§ WHAT THE EXERCISE ASKS:
The answer should be the exact lines from the line containing "Top 6 phố ẩm" through the last line of the material below, with no pictures.

§ DATA SECTION:
- - - - -
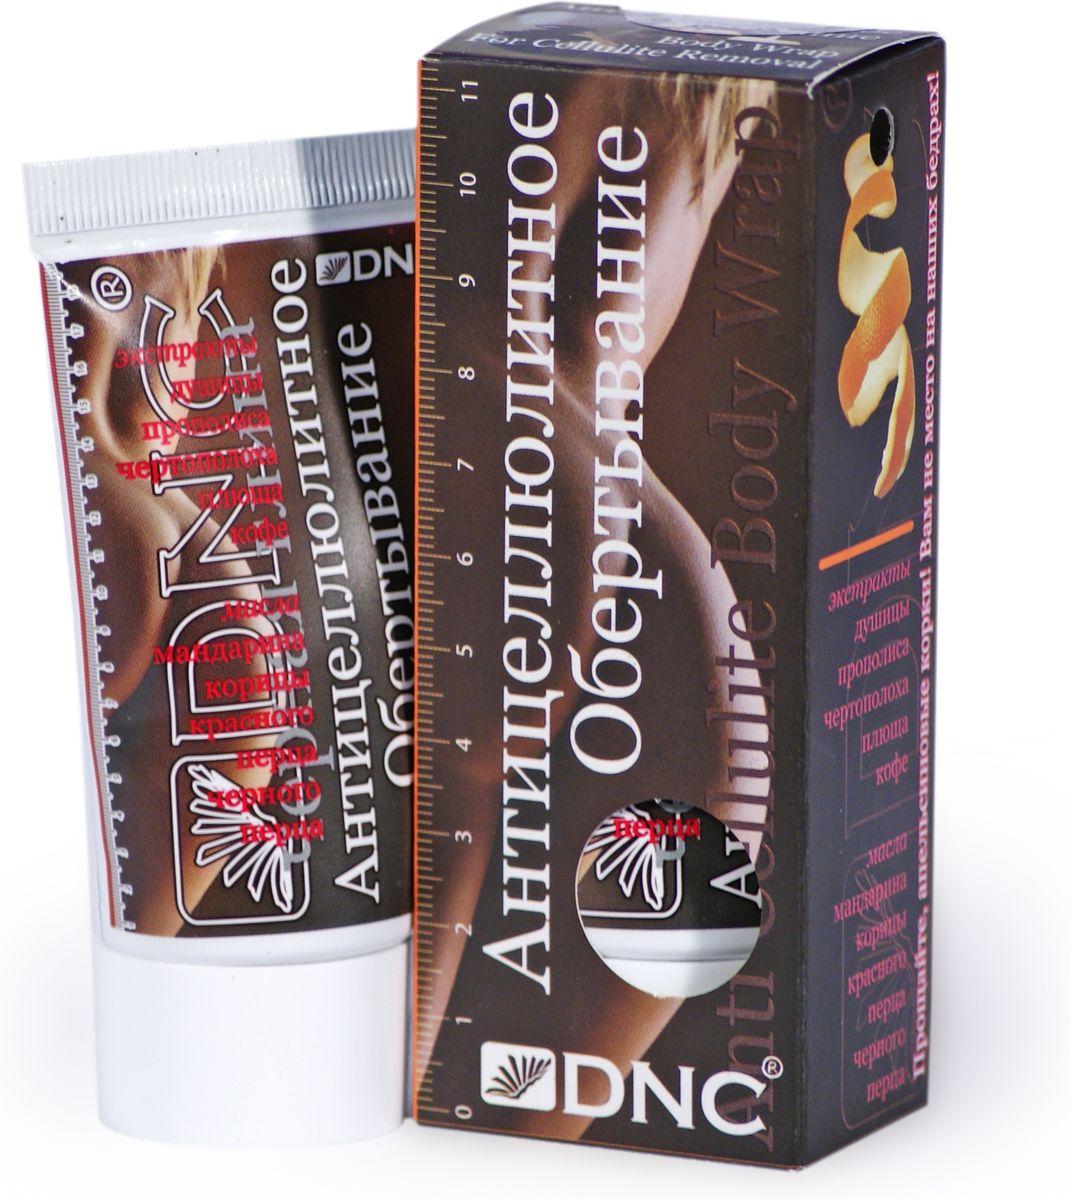 DNC Антицеллюлитное обертывание, 50 мл4751006795Тщательно подобранный комплекс с высоким содержанием действующих ингредиентов активизирует лимфо- и кровоток. Стимулирует клеточный обмен и очищение в глубоких слоях эпителия. Обертывания заметно улучшают состояние кожи, возвращая ей эластичность и гладкость.
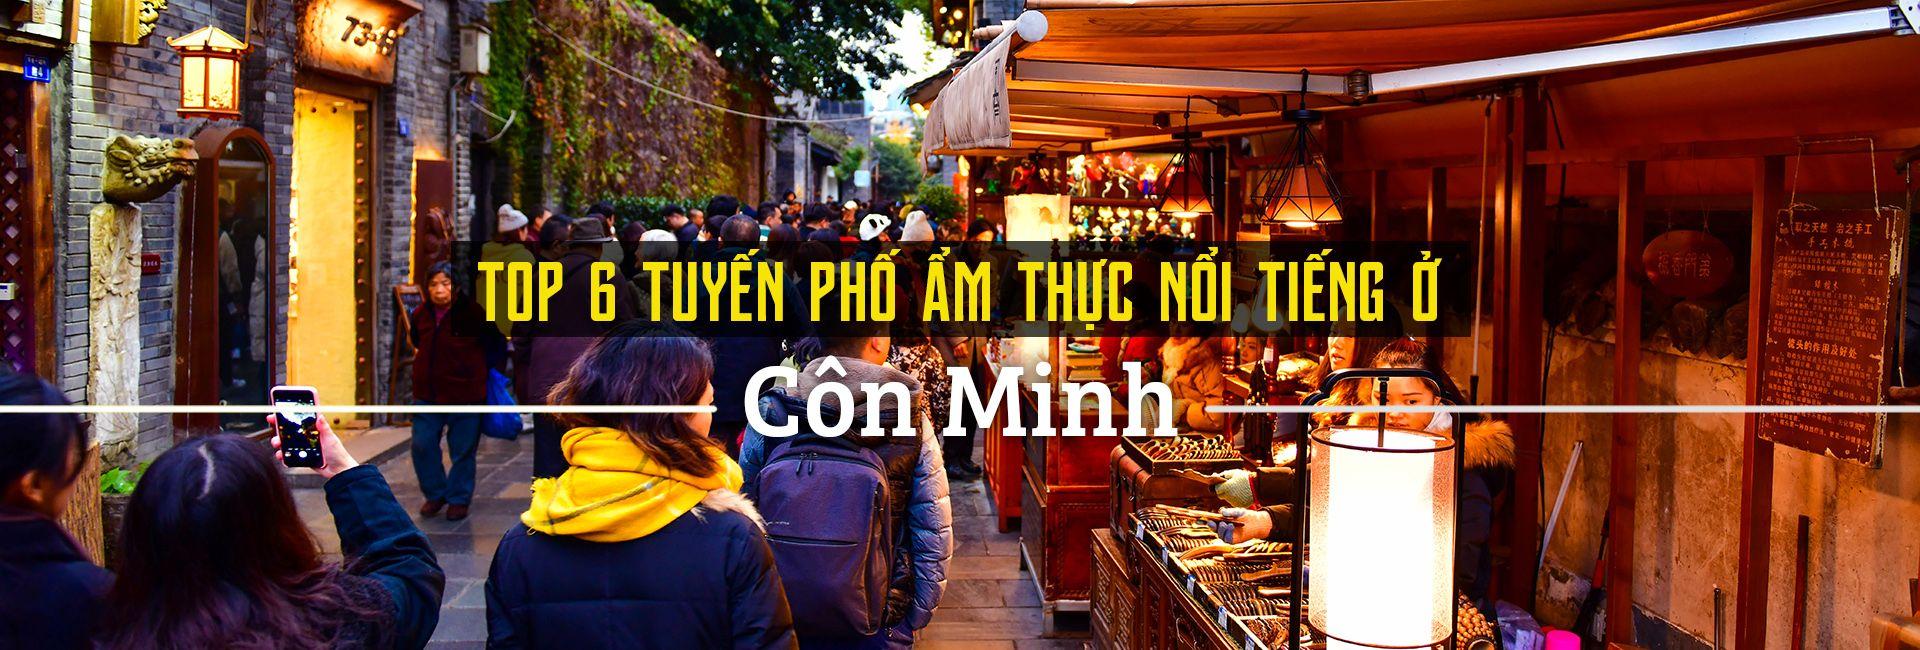 Top 6 phố ẩm thực nổi tiếng ở Côn Minh, Trung Quốc
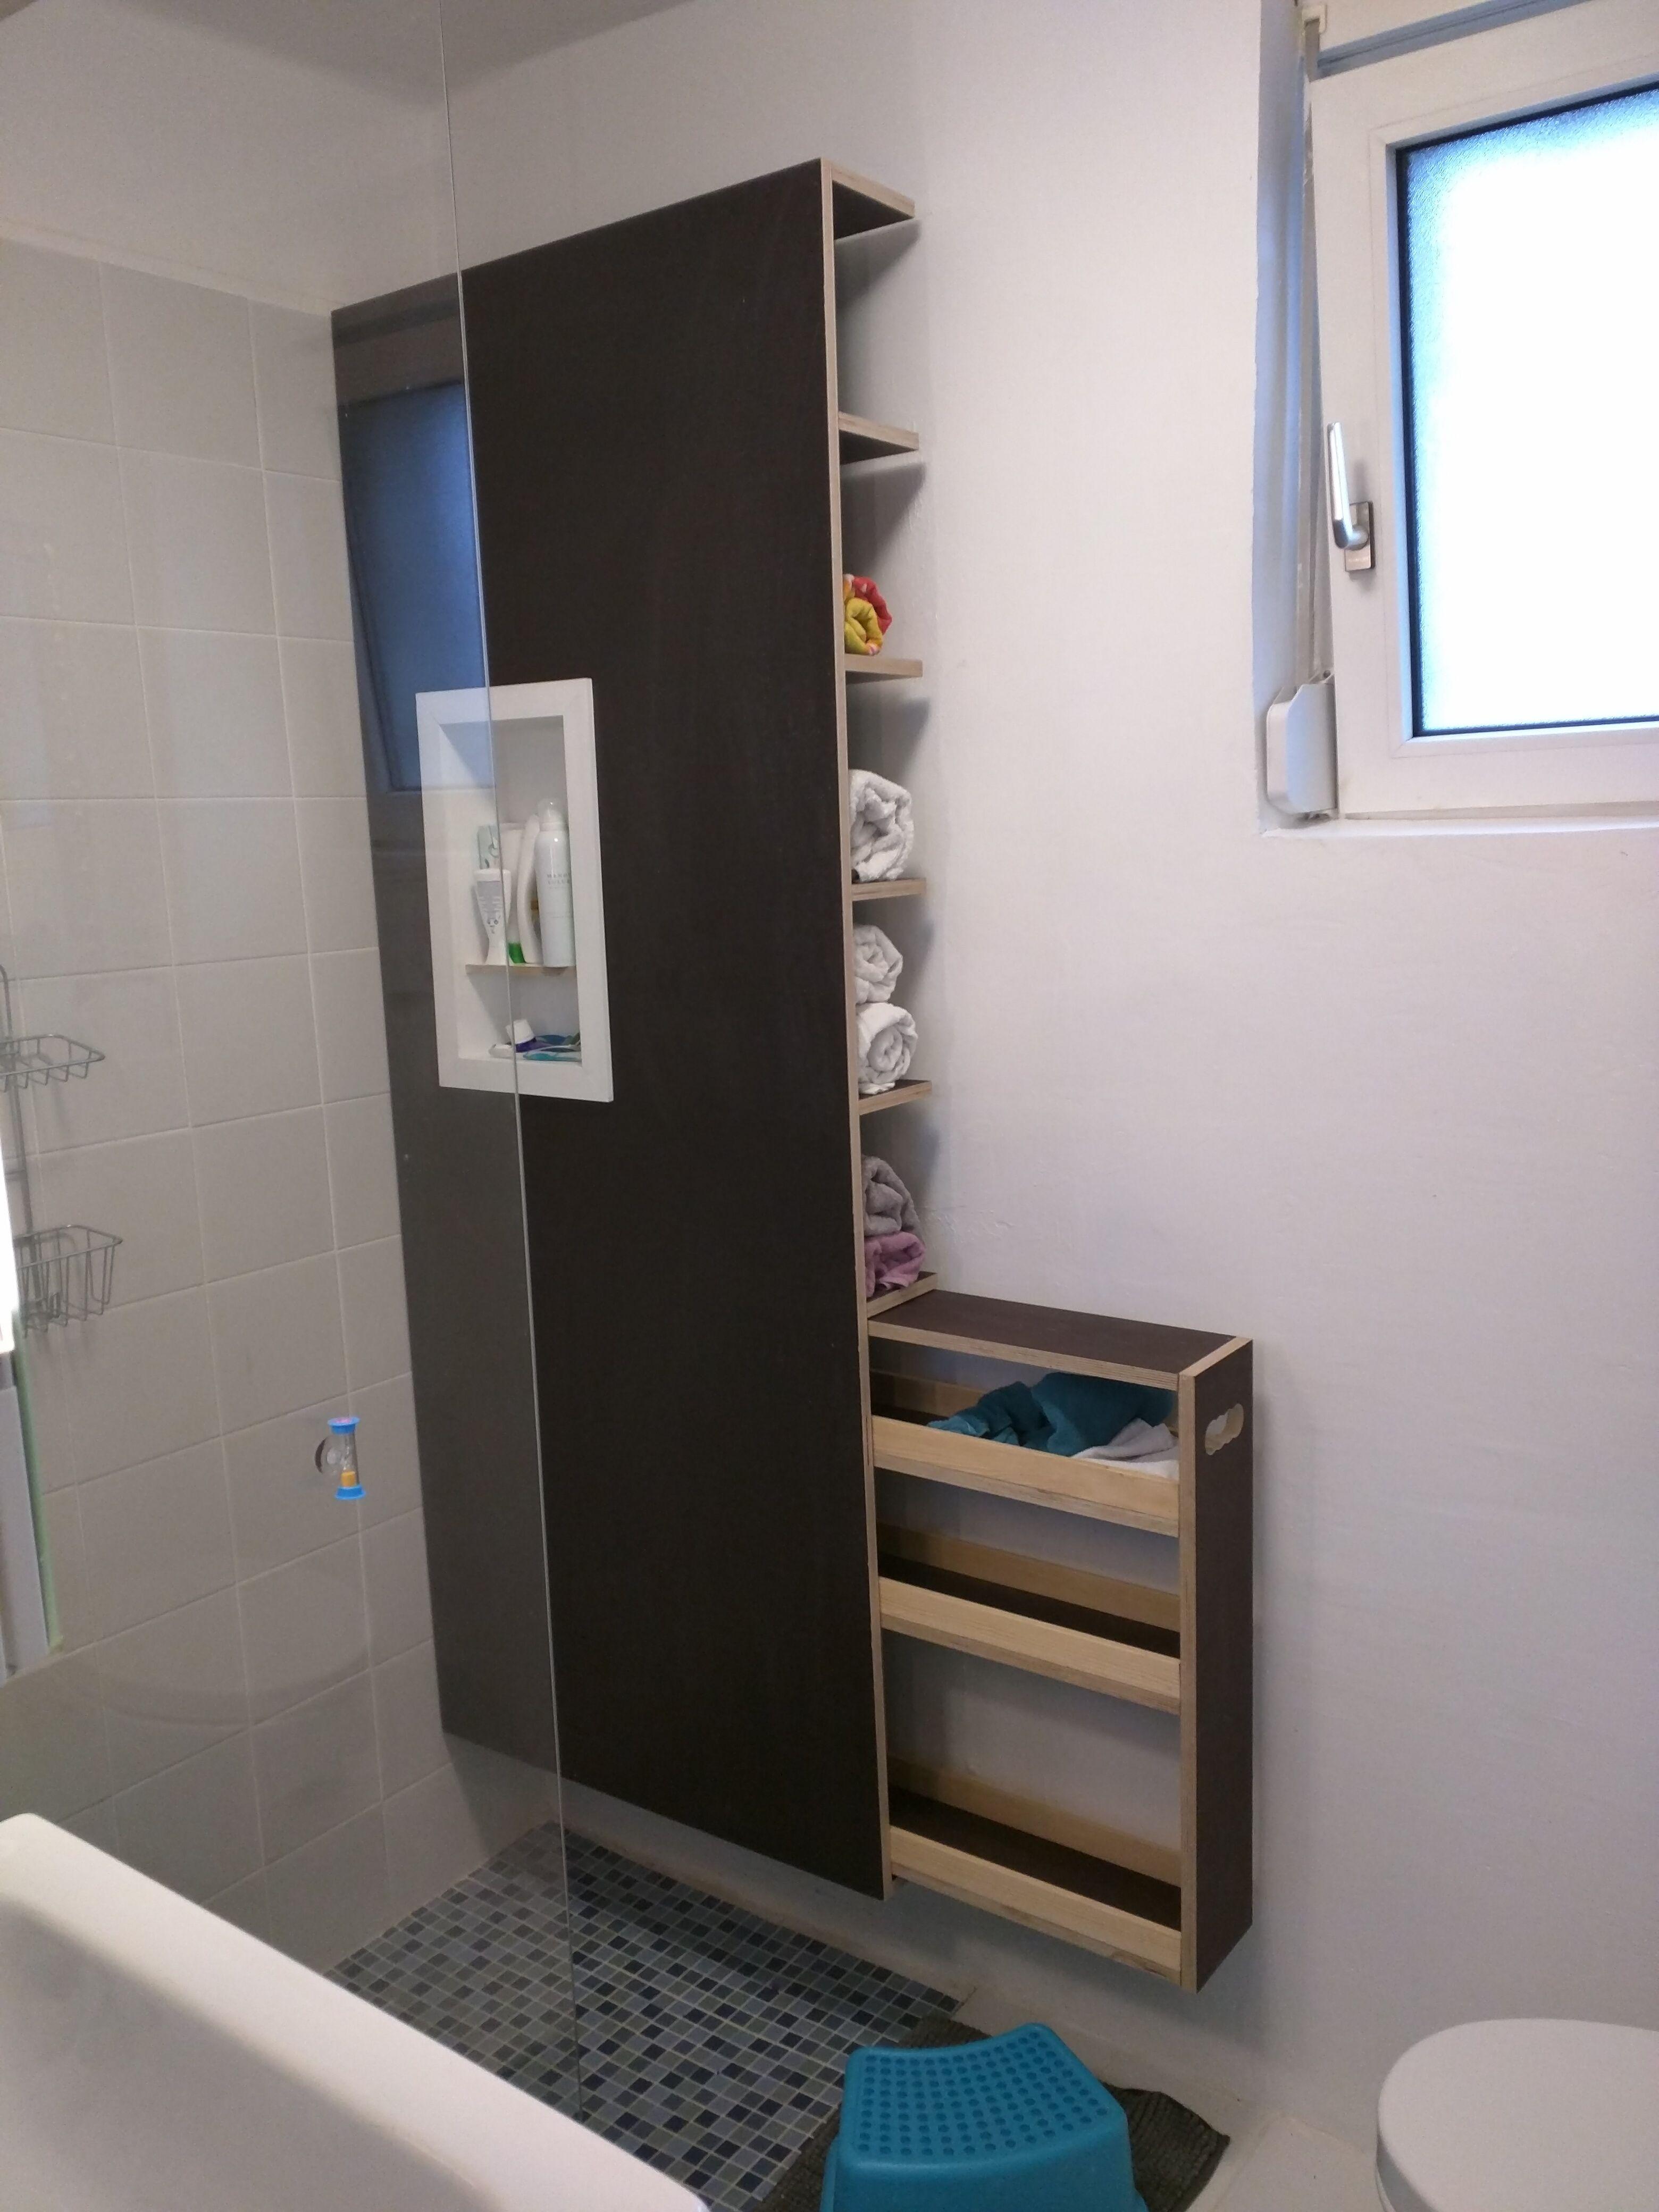 badm bel mit shampoohalter handtuchregal und schublade. Black Bedroom Furniture Sets. Home Design Ideas
- - - - -
§ EXPECTED OUTPUT:
 Top 6 phố ẩm thực nổi tiếng ở Côn Minh, Trung Quốc
 badm bel mit shampoohalter handtuchregal und schublade. Black Bedroom Furniture Sets. Home Design Ideas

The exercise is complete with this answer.